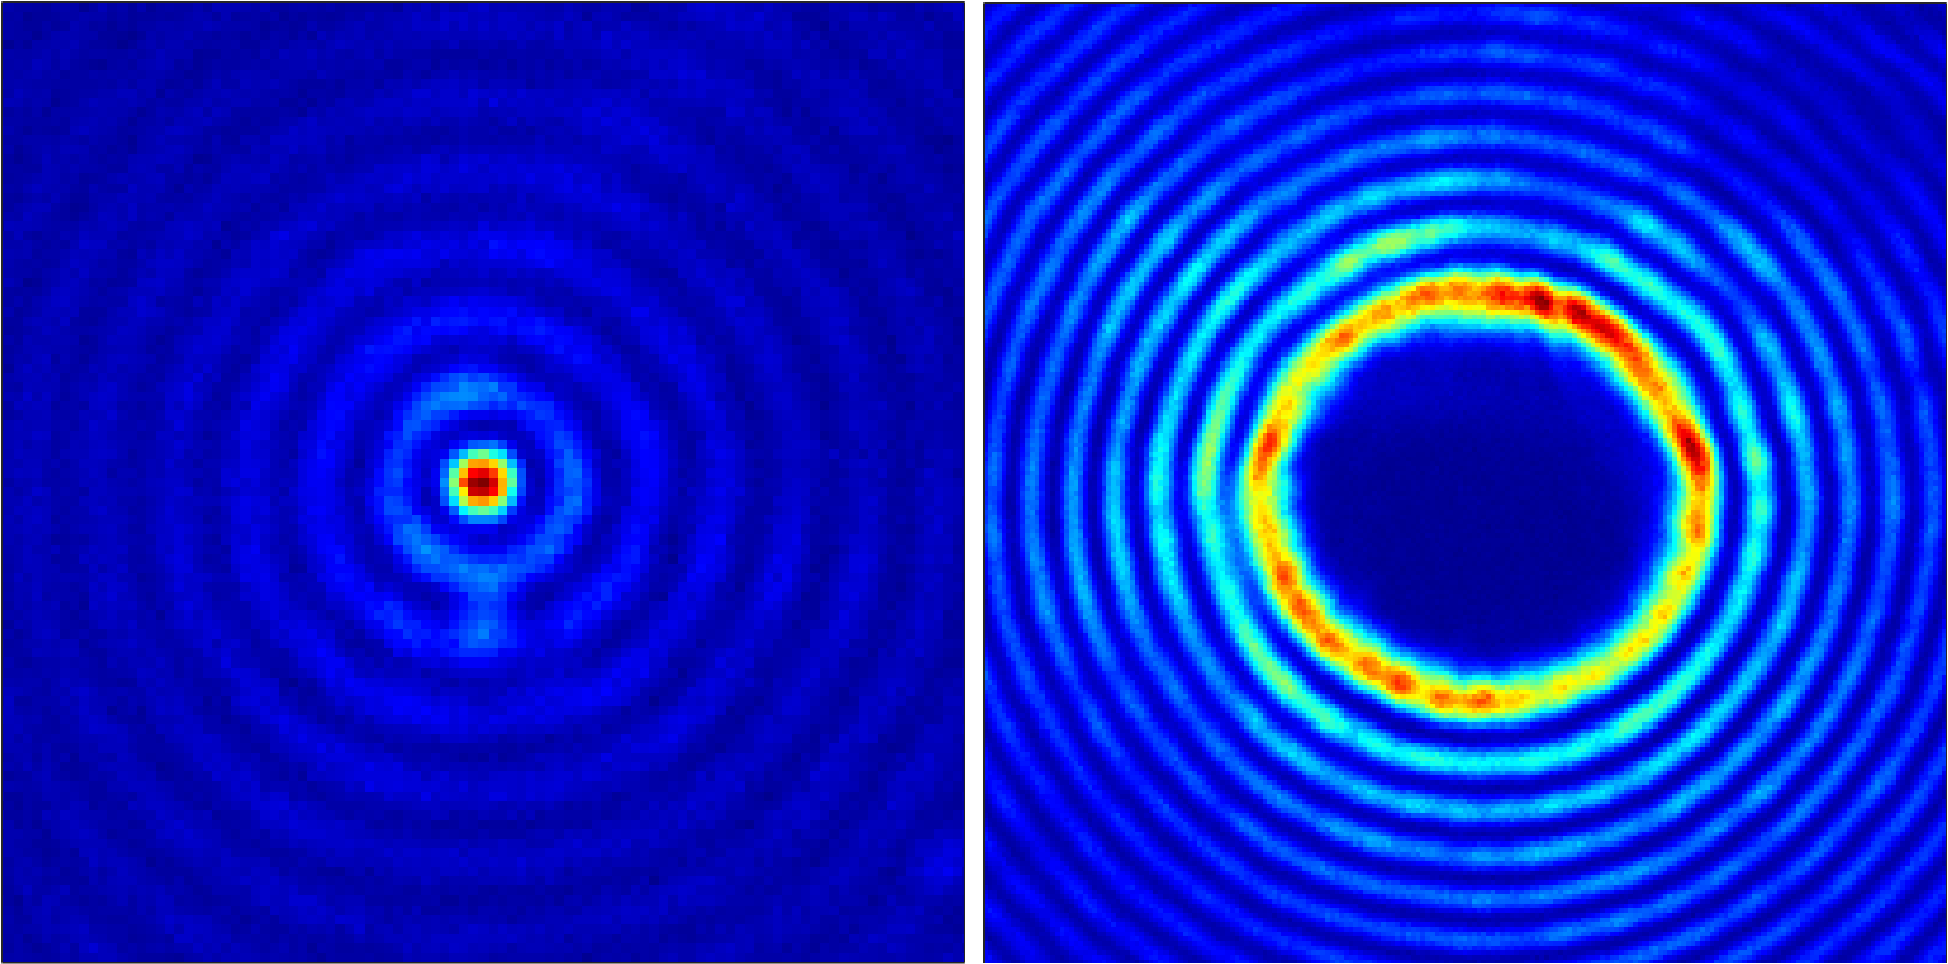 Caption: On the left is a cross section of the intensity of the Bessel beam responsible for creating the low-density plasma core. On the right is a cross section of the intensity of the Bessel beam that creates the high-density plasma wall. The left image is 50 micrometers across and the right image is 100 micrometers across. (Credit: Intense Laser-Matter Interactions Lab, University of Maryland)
...
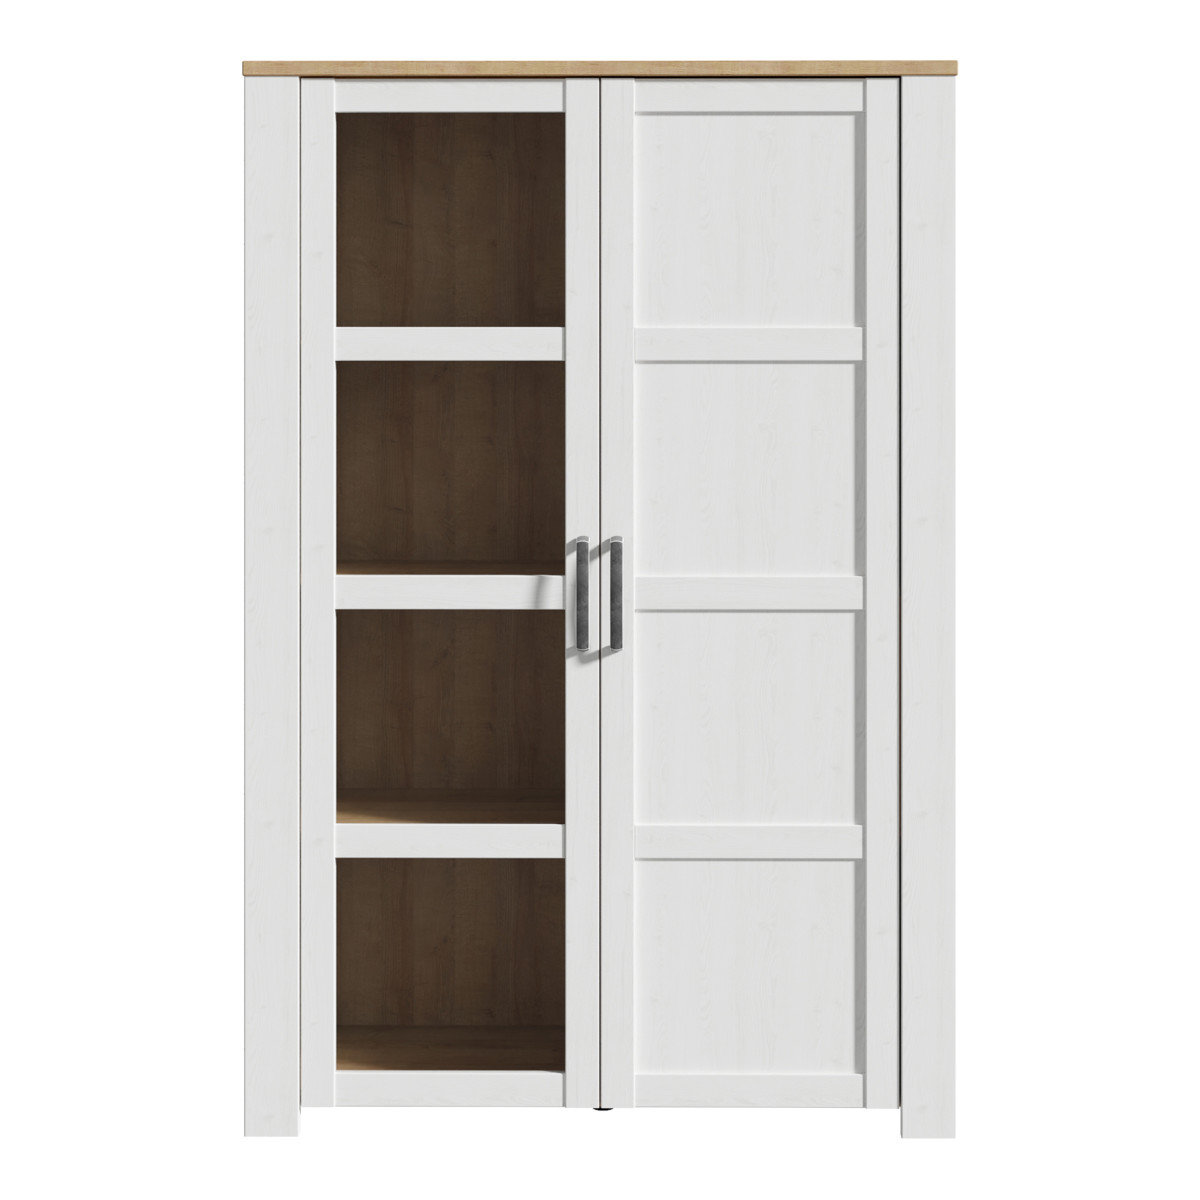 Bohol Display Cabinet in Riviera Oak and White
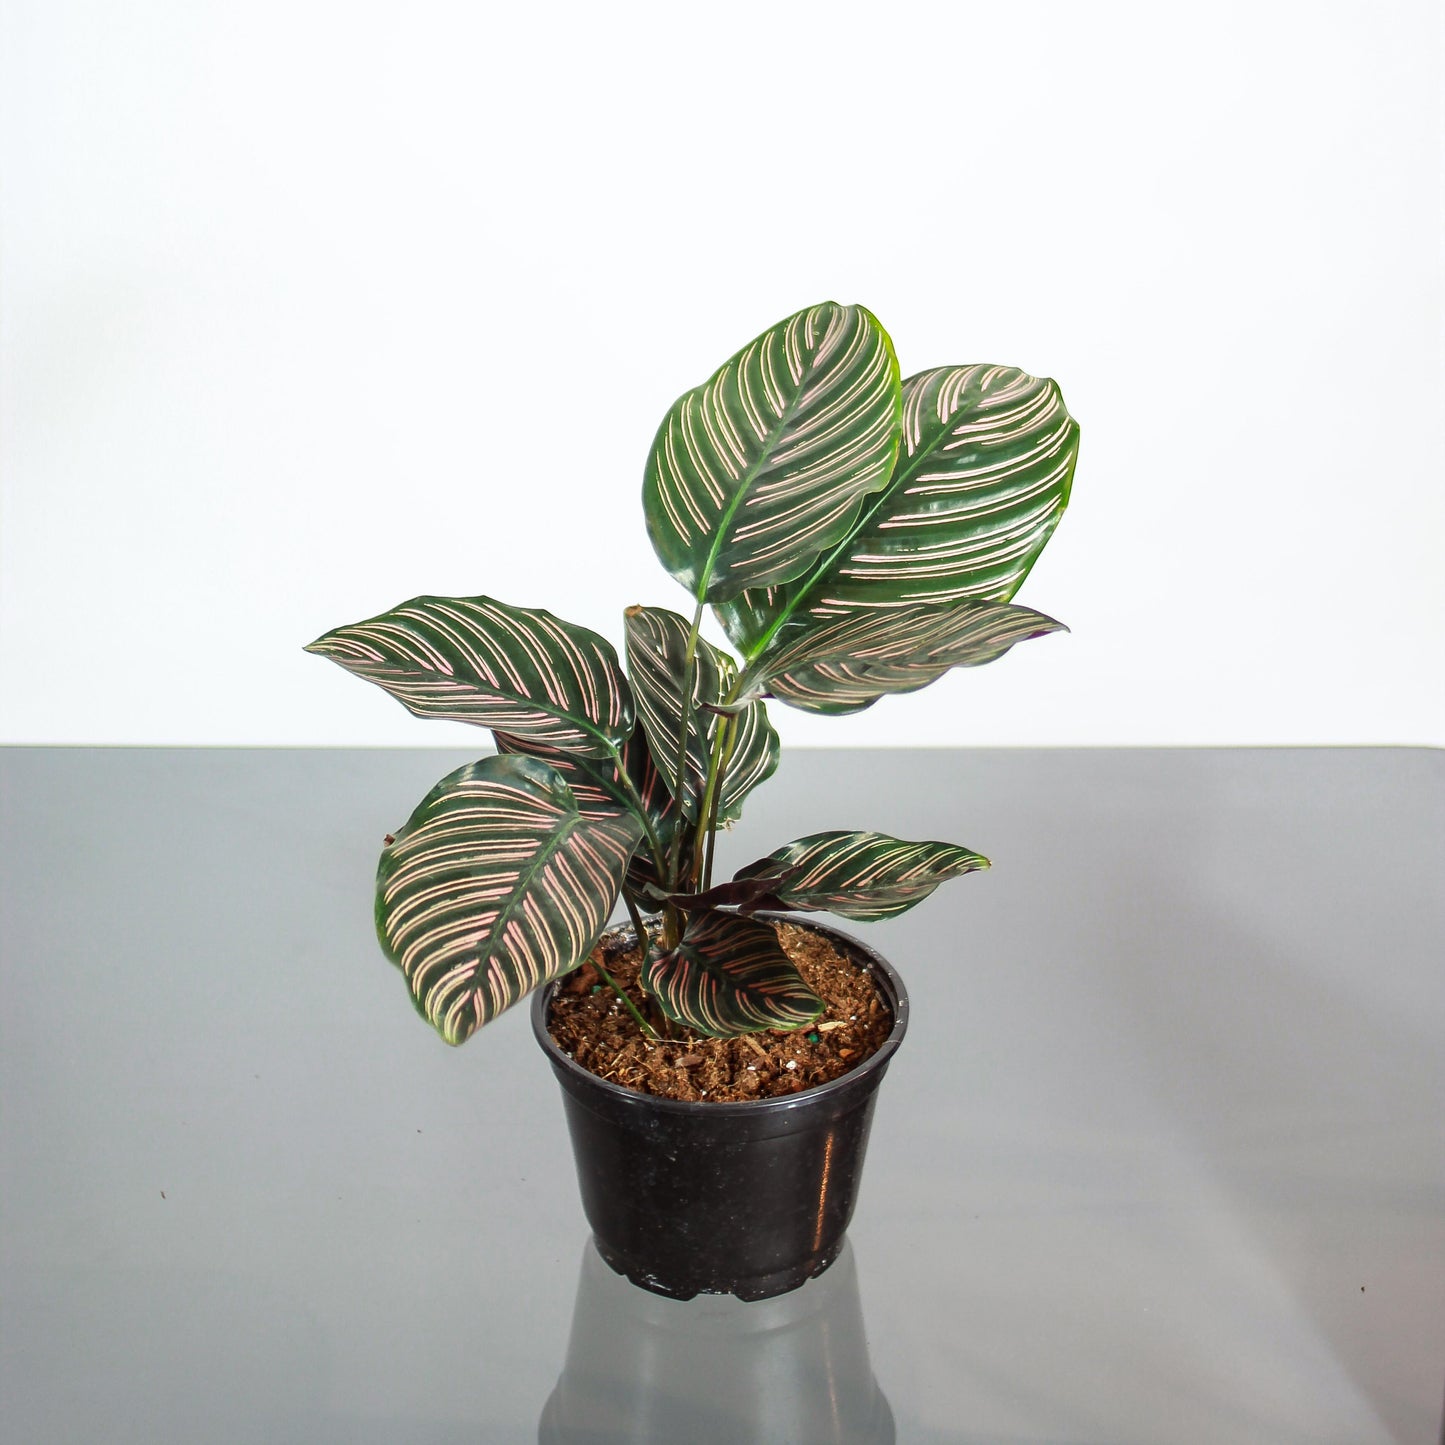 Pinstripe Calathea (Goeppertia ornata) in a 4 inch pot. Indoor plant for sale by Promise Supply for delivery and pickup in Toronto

[What is needed]: Within the material above, find the part that opens with the line containing "Bohol Display Cabinet" and closes with the line containing "Pinstripe Calathea (Goeppertia", and reproduce it exactly without the pictures.

[Answer box]:
 Bohol Display Cabinet in Riviera Oak and White
 Pinstripe Calathea (Goeppertia ornata) in a 4 inch pot. Indoor plant for sale by Promise Supply for delivery and pickup in Toronto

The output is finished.